Discovering the Future, Atom by Atom
The six-story, 94,000 square-foot Molecular Foundry building at LBNL overlooks the UC Berkeley campus and, from a distance, the San Francisco Bay. Directly adjacent to the Foundry is the NCEM complex that was established in 1983 to maintain a forefront research center for electron microscopy with state-of-the-art instrumentation and expertise. Merged with the Molecular Foundry in 2014 to take advantage of growing scientific and organizational synergies, NCEM at the Foundry features 10 electron microscopes, many of which are world-leading.
Each of the six floors of the Foundry building, as well as NCEM, is managed as a technically distinct “facility” by world-class scientists equipped with state-of-the-art instrumentation, laboratories, and computational resources.
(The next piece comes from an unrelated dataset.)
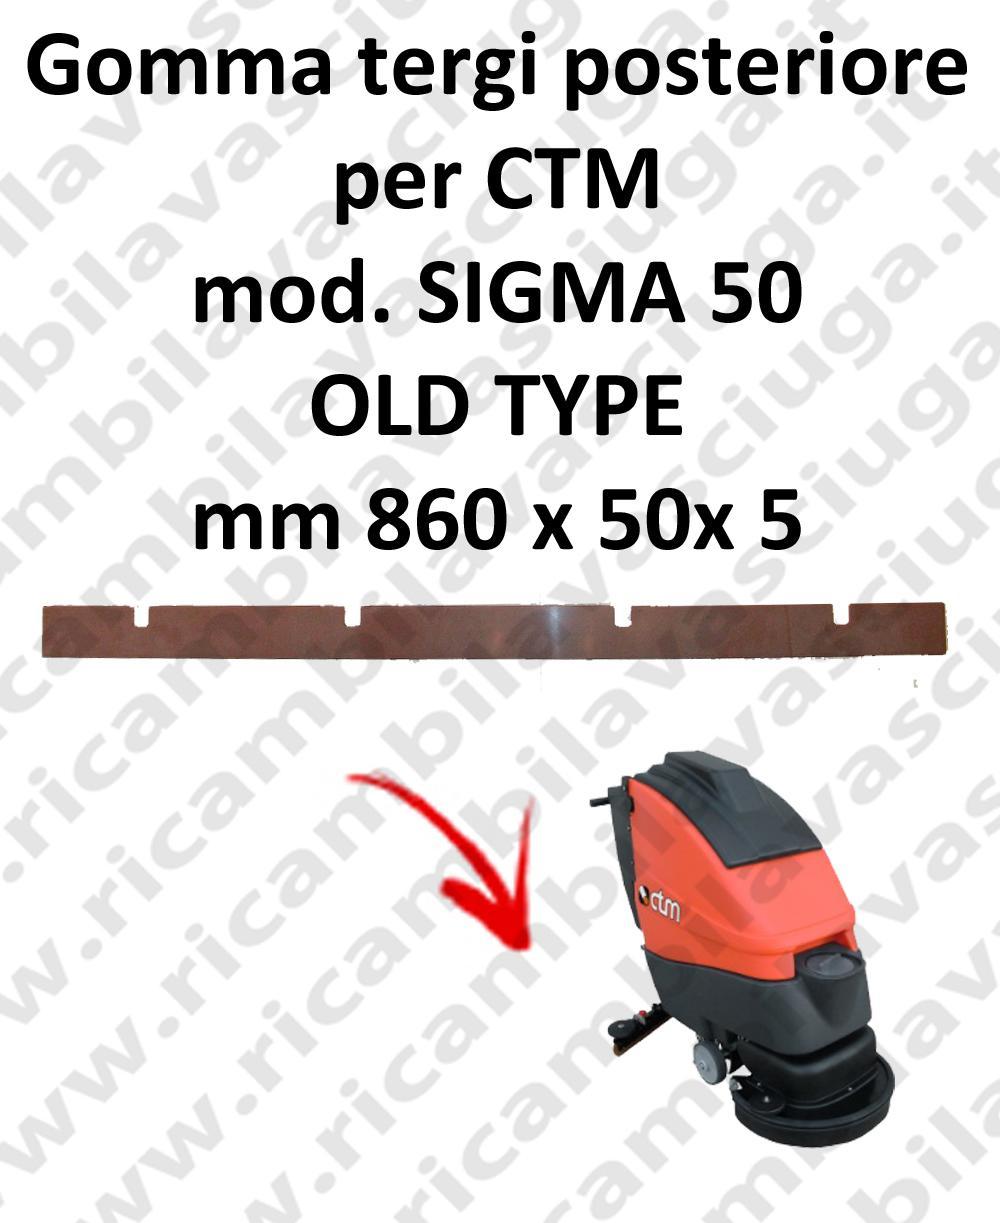 SIGMA 50 OLD TYPE Hinten sauglippen für scheuersaugmaschinen CTM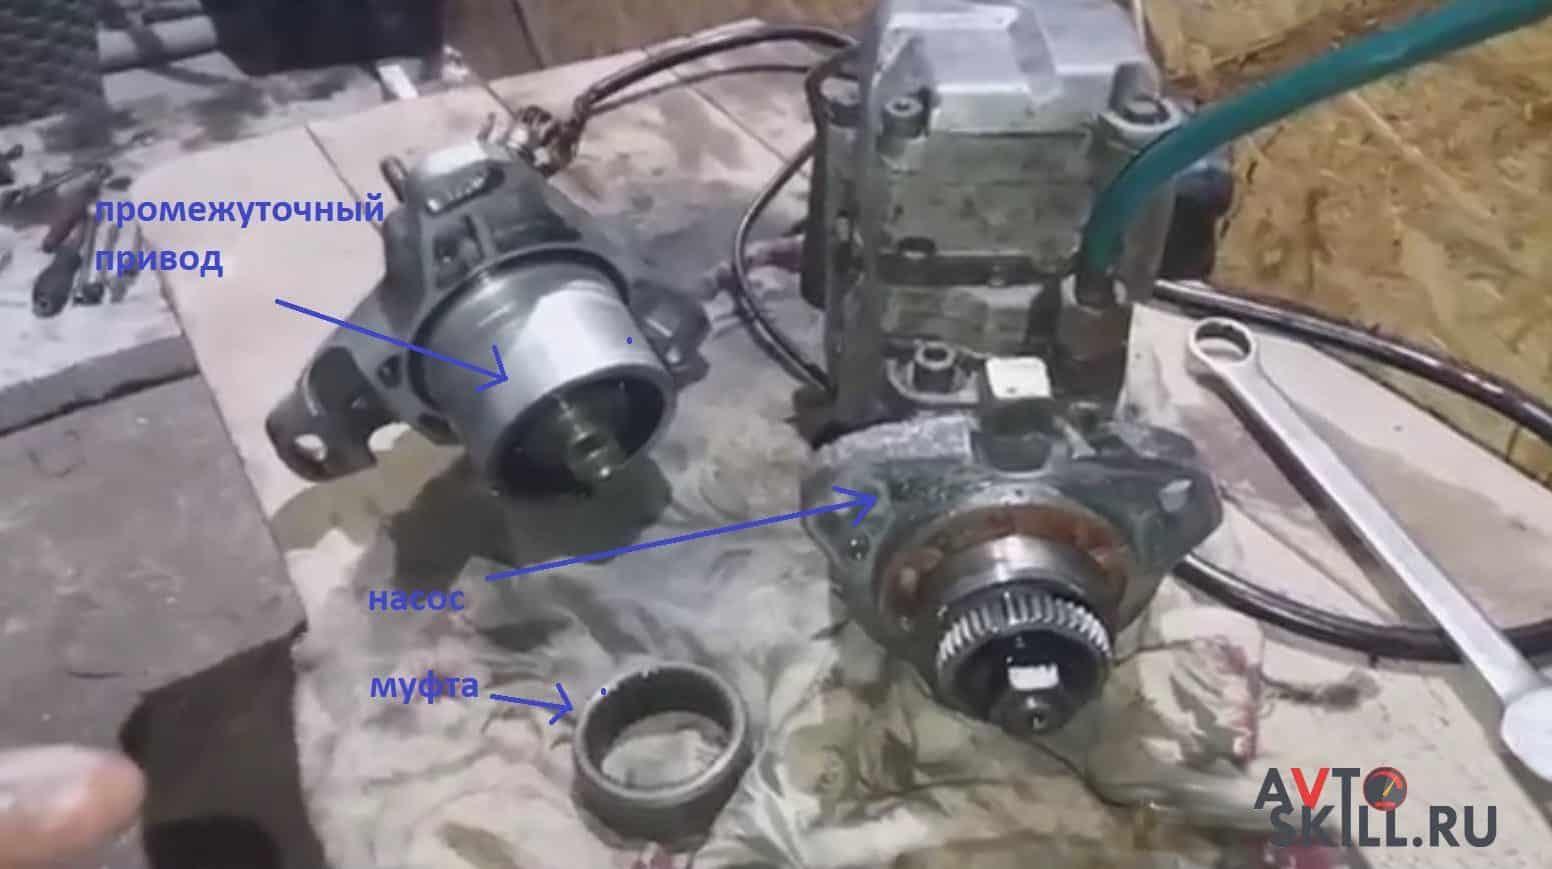 Как установить ТНВД на дизель | Установка ТНВД на двигатель, устройство топливного насоса высокого давления

Four research themes at the forefront of nanoscience integrate users, staff and techniques across all seven technical facilities, embodying the Foundry’s core capabilities and synergistic activities in synthesis, characterization, fabrication, and theory. They were reinforced through a thorough strategic planning process during the Foundry’s merge with NCEM and are regularly reviewed to evaluate their novelty, relevance, productivity, and impact. New capabilities and expertise developed in the context of internal research activities significantly augment the Foundry User Program. The four themes are summarized below. To download the Molecular Foundry’s entire Strategic Plan, please use the link below.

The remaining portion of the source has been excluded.